Cord blood preservation

What Is Cord Blood Preservation?
Research has revealed that umbilical cord blood, traditionally discarded at birth, contains special cells called stem cells, which can now be used in the treatment of over 45 life-threatening diseases. Cord blood banking allows you to preserve these stem cells for your family's future use if the need arises.

What Is Cord Blood?
Cord blood is the blood that remains in the umbilical cord after your baby is born. It is a unique substance, which, like bone marrow, is rich in stem cells. Stem cells are the building blocks of the blood and immune system and potentially the nervous system; skin and bone tissue; and the heart, pancreas and other central body tissues. Stem cells divide to create:

  • Red blood cells, which carry oxygen to the brain
  • White blood cells, used in the body's immune system
  • Platelets, which help blood clotting

Cord blood stem cells are used in treatments for certain cancers, such as leukemia, and immune and genetic disorders. It provides a readily available source of stem cells for transplantation in many situations where bone marrow is considered. You have one opportunity to preserve your baby's cord blood; at the time of birth. The collection process, done after your baby is born, takes two to four minutes and is easy, painless and non-invasive.

Cord blood research is continually being conducted to understand its full potential in stem cell transplantation.

More opportunities are being discovered every year but, since each case is different, there is no guarantee that a cord blood transplant will be an appropriate treatment therapy or that it will provide a cure.

Why Preserve Cord Blood
Umbilical cord blood is a source of stem cells that can be used to treat over 45 malignant and non-malignant diseases including certain cancers, such as leukemia, and immune and genetic disorders. Preserving cord blood is a very simple and painless procedure, but it must be done at birth.

Other sources of stem cells include bone marrow and peripheral blood, however there are a number of benefits to using cord blood stem cells:

  • There is no risk involved in the collection of cord blood.
  • Cord blood is much easier to collect and harvest without the risks of general anesthesia required to harvest bone marrow.
  • Cord blood is readily available when needed (if collected and stored at birth).
  • Cord blood is often more compatible when used in transplants, especially when it is used within the family, creating less chance of rejection.
  • Cord blood has lower procurement costs compared with peripheral blood or bone marrow harvesting.
  • Cord blood has demonstrated broader potential clinical applications in initial studies for improving neural repair and bone and tissue growth.
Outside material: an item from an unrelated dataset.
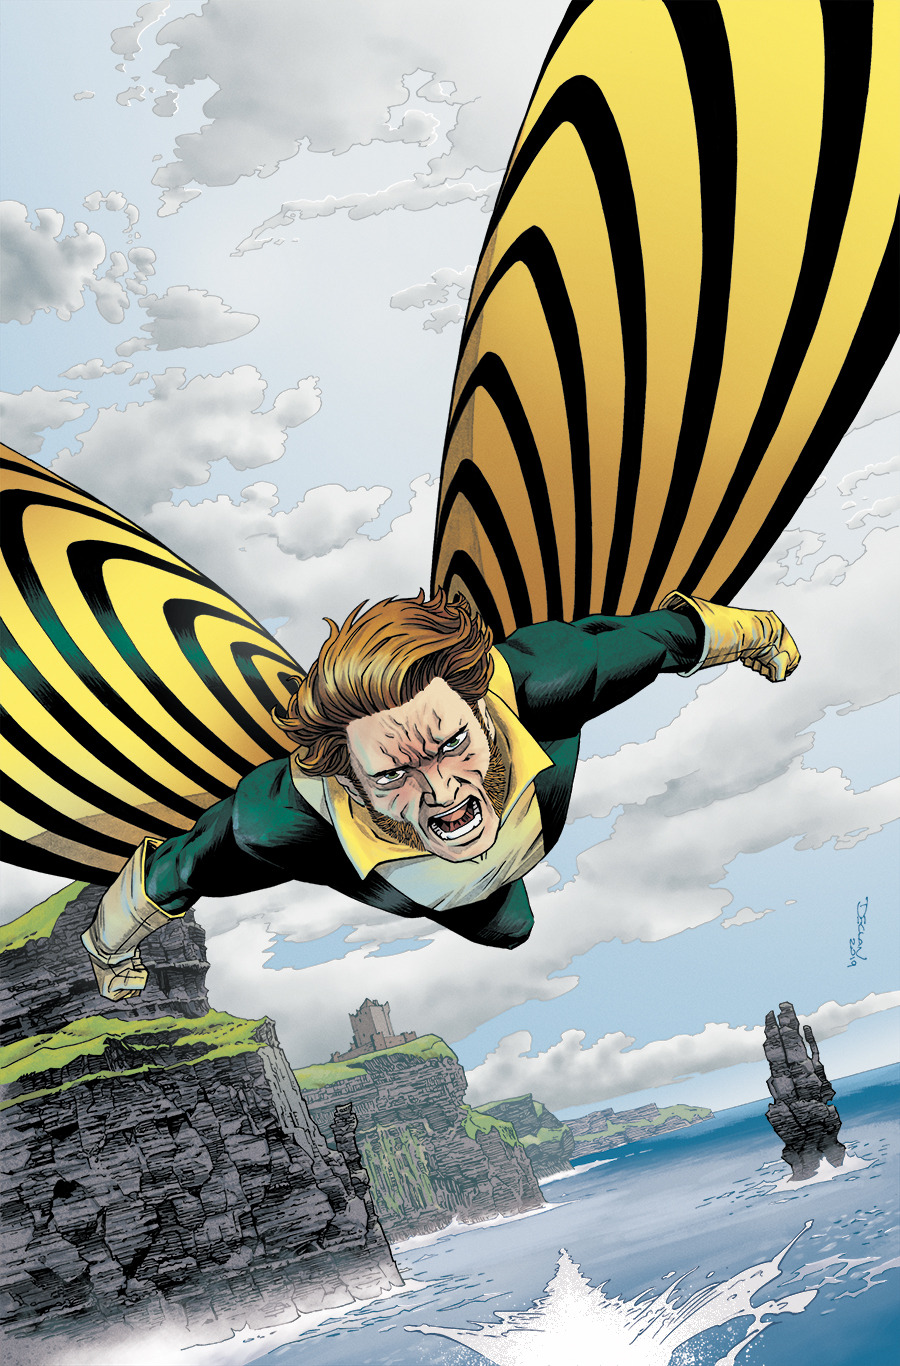 Sean Cassidy soars through the air screaming. He is wearing the classic yellow and green Banshee costume complete with yellow and black striped cape wings.

How Is Cord Blood Preserved?
In order to preserve your child's cord blood, it first must be collected and subsequently stored. Once the blood is collected, it is stored at a long-term storage facility.
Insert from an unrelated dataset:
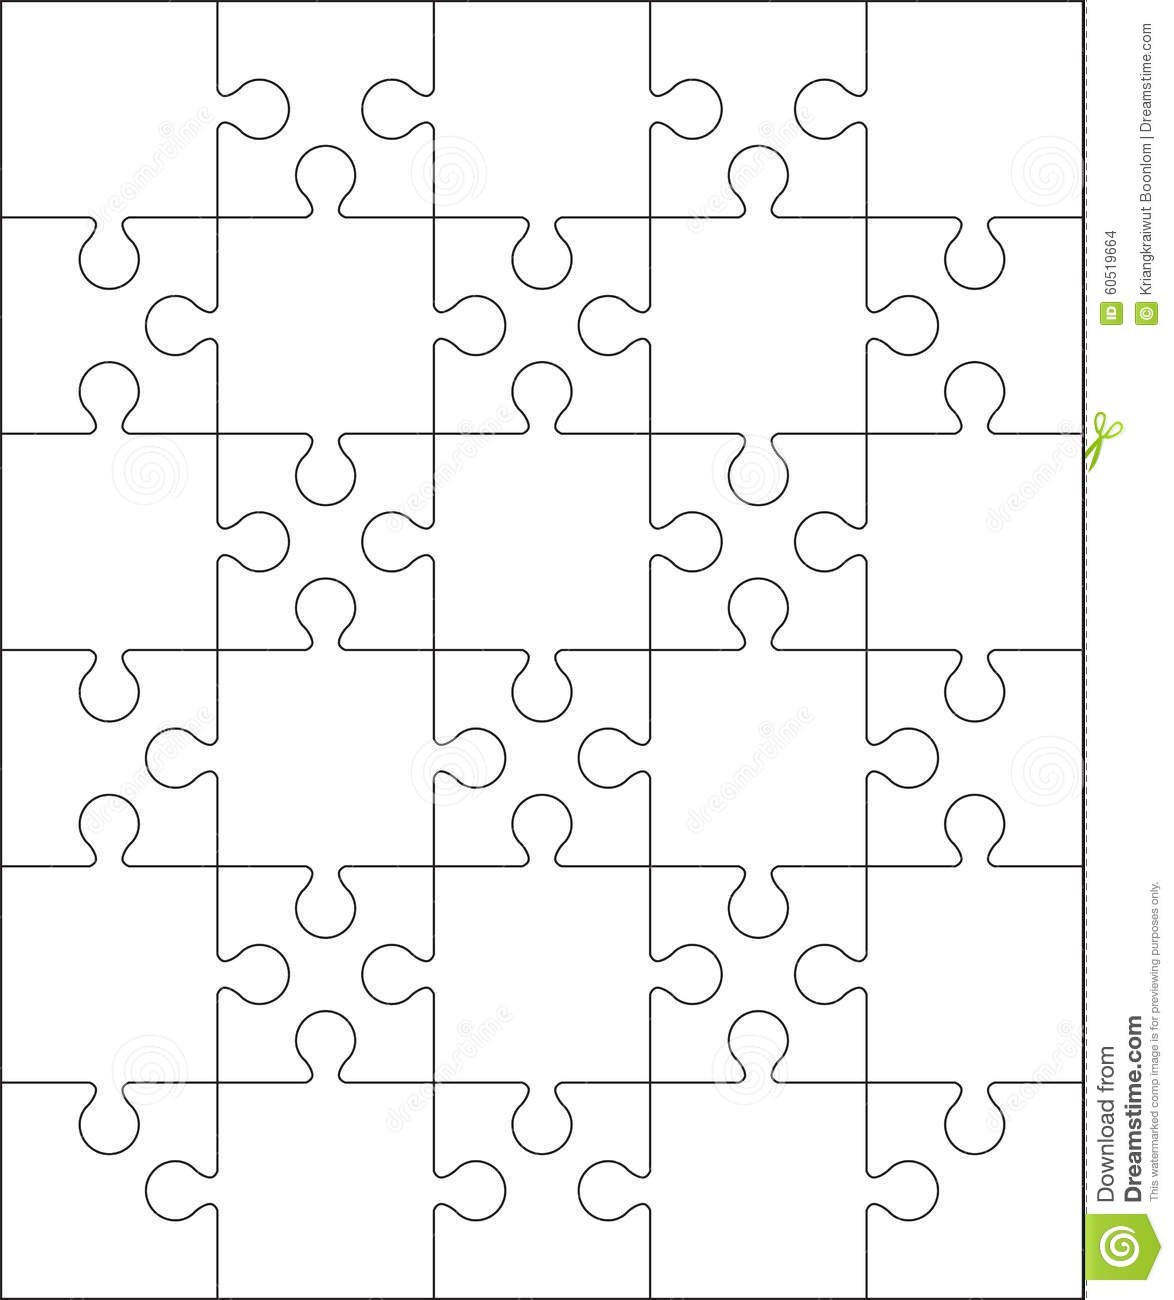 Jigsaw Puzzle Blank Template Or Cutting Guidelines Stock Vector within Blank Jigsaw Piece Template

There are several different processes available for collecting and storing your baby's cord blood. The collection process itself is easy and painless, and does not interfere with the delivery or subsequent care for your newborn and yourself. Here's how it works:

  • When your baby is delivered, the umbilical cord is clamped and cut. Your baby is then removed from the birthing area prior to commencing the collection.
  • Next, before the placenta is delivered, your obstetrician or midwife cleans a four- to eight-inch area of umbilical cord with antiseptic solution and inserts the blood bag needle into the umbilical vein. The blood flows into the bag by gravity, until it stops, after which the collection is complete. The blood bag is clamped, sealed and labeled. The collection typically takes two to four minutes. Two tubes of maternal blood are also drawn.